The mixed leaf salad with a maple vinagrette was not as sicly sweet as I had feared, but it’s definitely for those who like acidic dressings. The soups are house-made and comforting. The potato-cabbage soup is so mild it was more like leek soup. It made me wish it was raining outside.

There are two dishes that will keep us coming back. Their fish and chips are simply stellar, a cross between the crunch of King’s Head, and the puffy ones my mom used to fry up at home. The other impressive dish is their pizzas. They seriously kick ass. The Fun Guy with mushrooms is rich and earthy with a nice crisp bread, and the Private Idaho, although a bit heavy on the carbs, comes with a chewier oval crust. We are a bit wary of the Breakfast all Day pizza, but another unusual pizza blew us away. The Pig Newton with serrano ham, fig & cherry tapenade, goat cheese, topped with arugula and black currant balsamic is something out of an angel’s dream. A pork-loving angel.The fig and cherry tapenade is such a perfect foil for the ham, and every other ingredient is carefully thought out.

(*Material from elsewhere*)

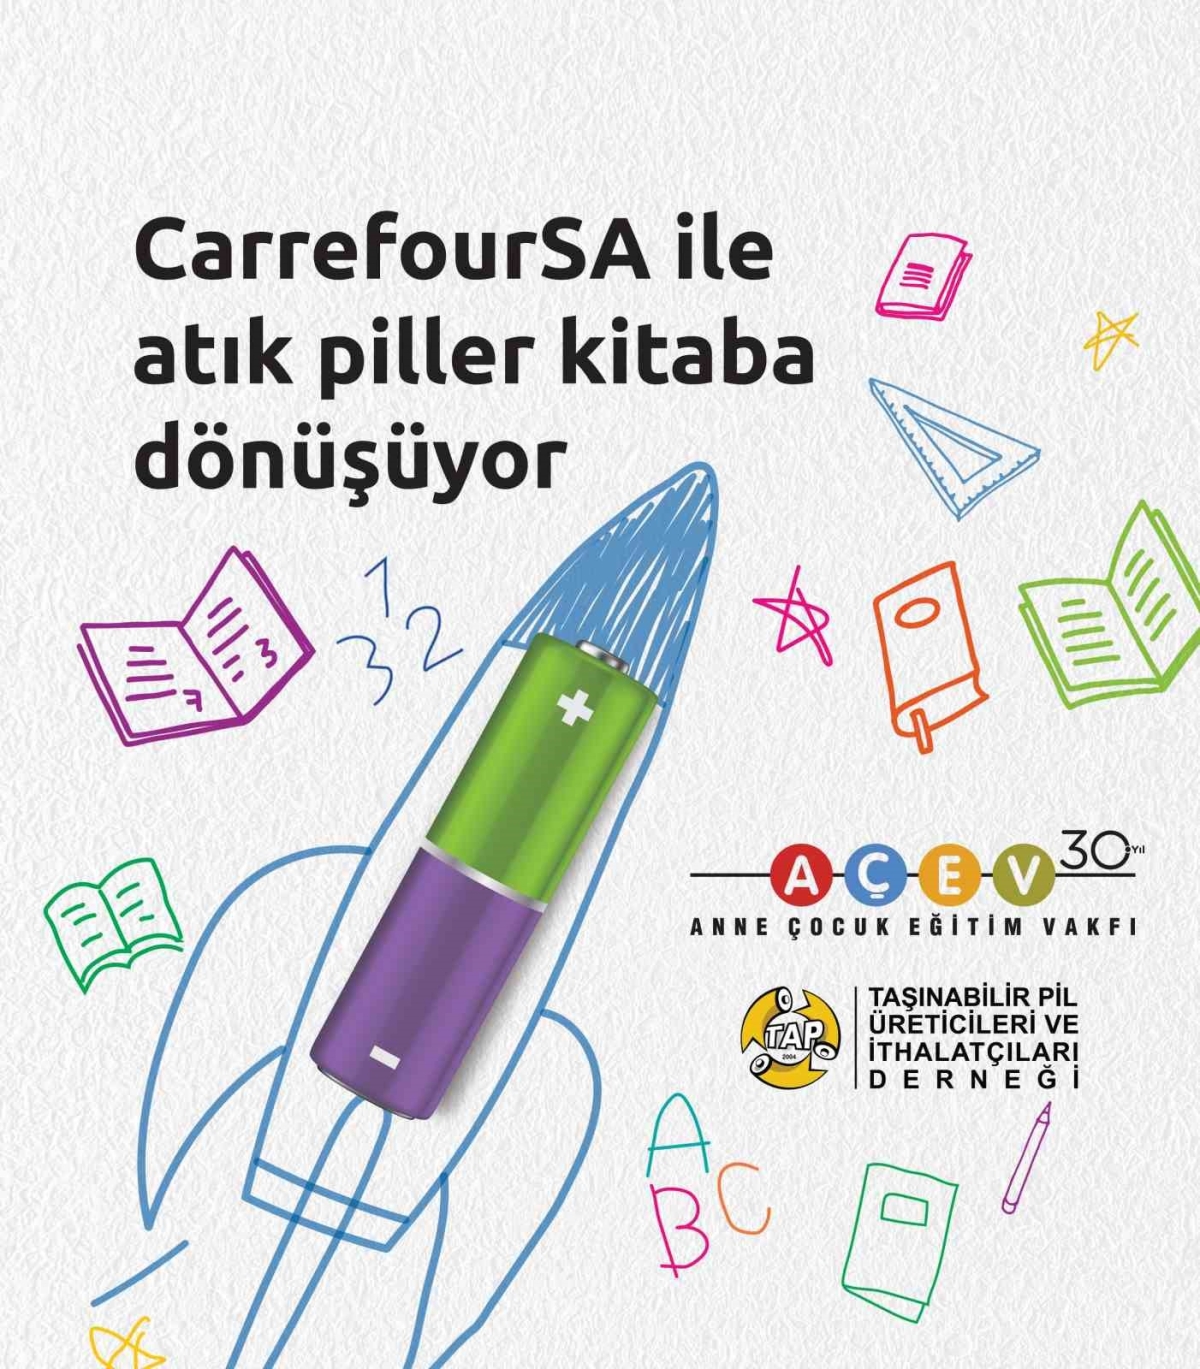 CarrefourSA’da atık piller AÇEV iş birliği ile çocuklar için kitaba dönüşüyor
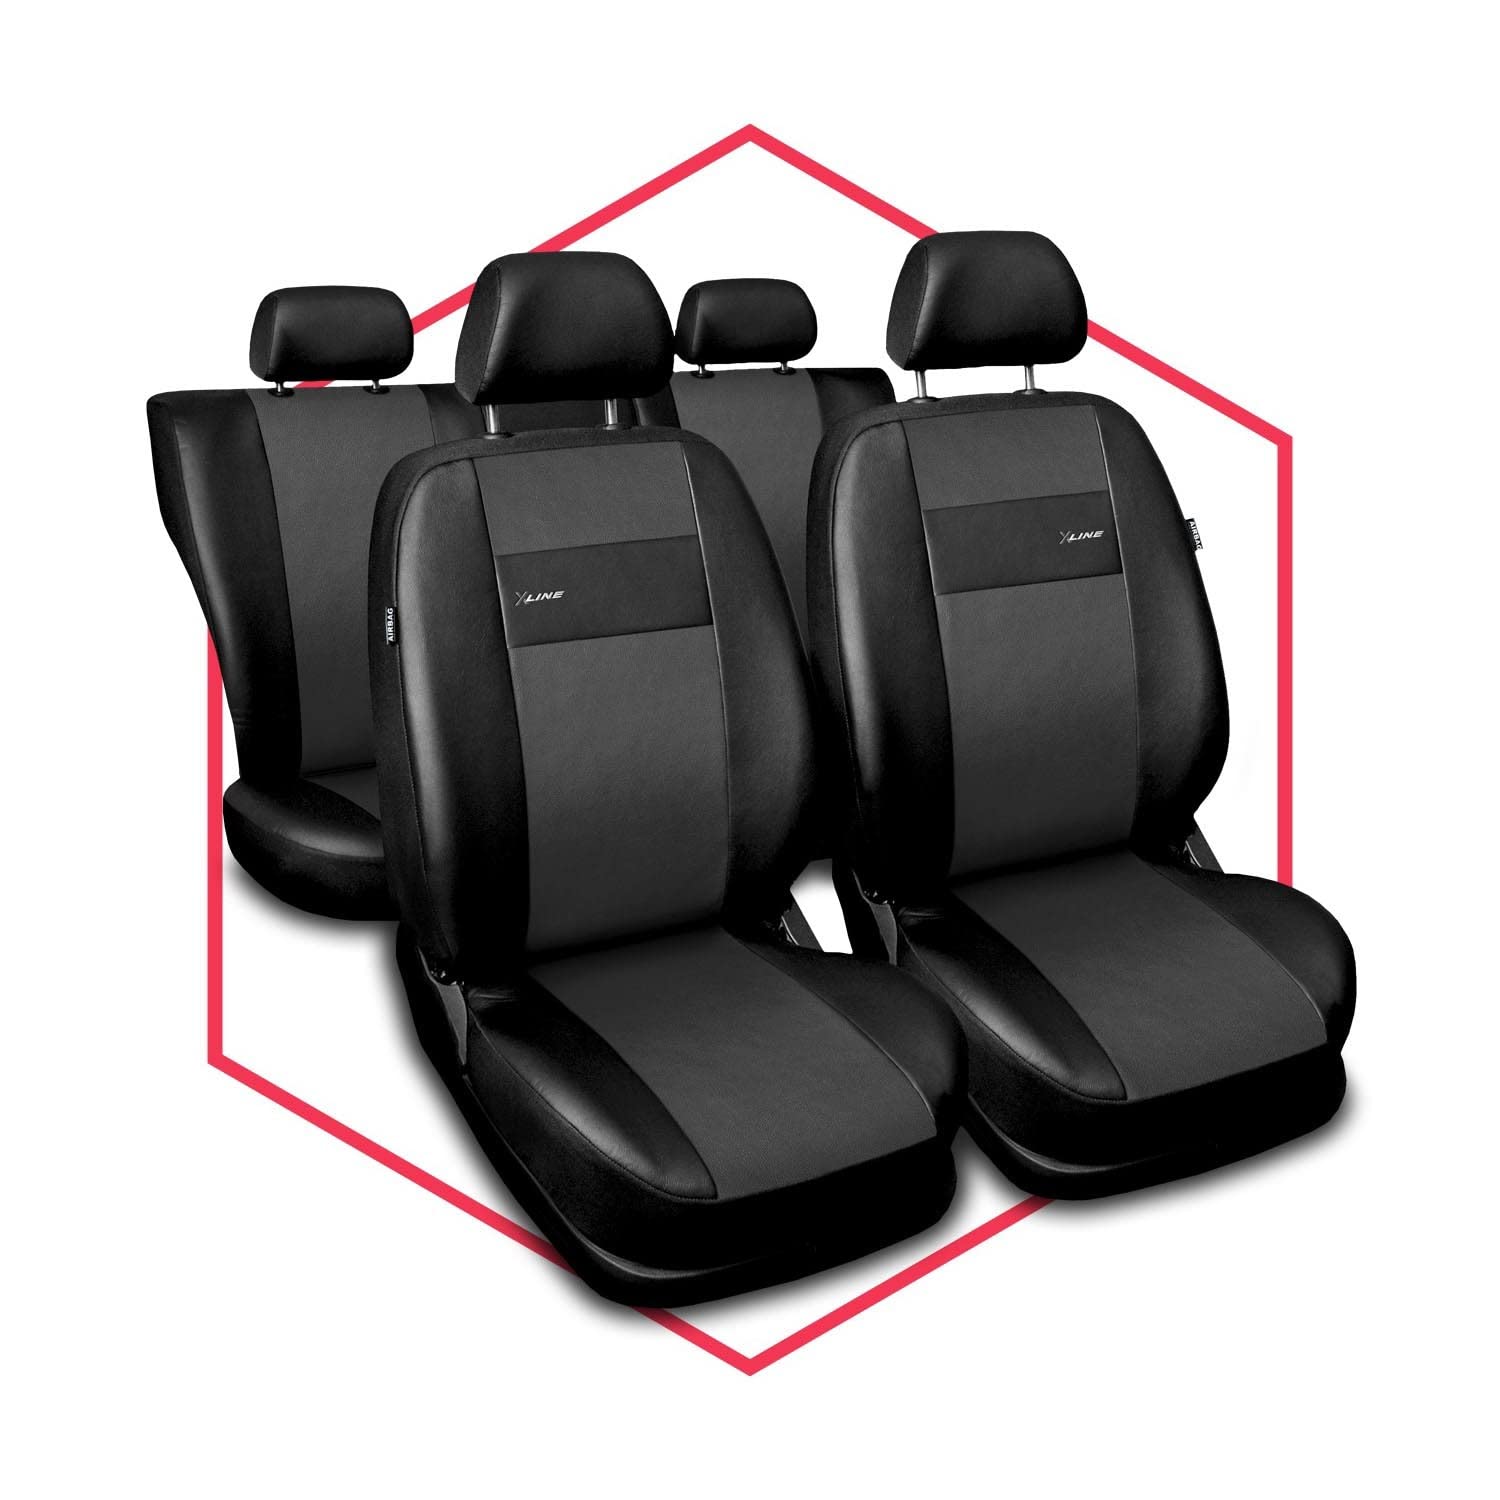 3er Set Saferide Autositzbezüge PKW universal | Auto Sitzbezüge Kunstleder Grau für Airbag geeignet | für Vordersitze und Rückbank | 1+1 Autositze vorne und 1 Sitzbank hinten teilbar 2 Reißverschlüsse von Saferide

It may be the perfect pizza.

Now if I could only remember the name Mohawk Bend. It sounds like some outback Canadian town. For some reason I’m always thinking,”Buffalo Jump?” “Whiskey River?”

Elise Thompson

About Elise Thompson

Born and raised in the great city of Los Angeles, this food, culture and music-loving punk rock angeleno wants to turn you on to all that is funky, delicious and weird in the city. While Elise holds down the fort, her adventurous alter ego Kiki Maraschino is known to roam the country in search of catfish.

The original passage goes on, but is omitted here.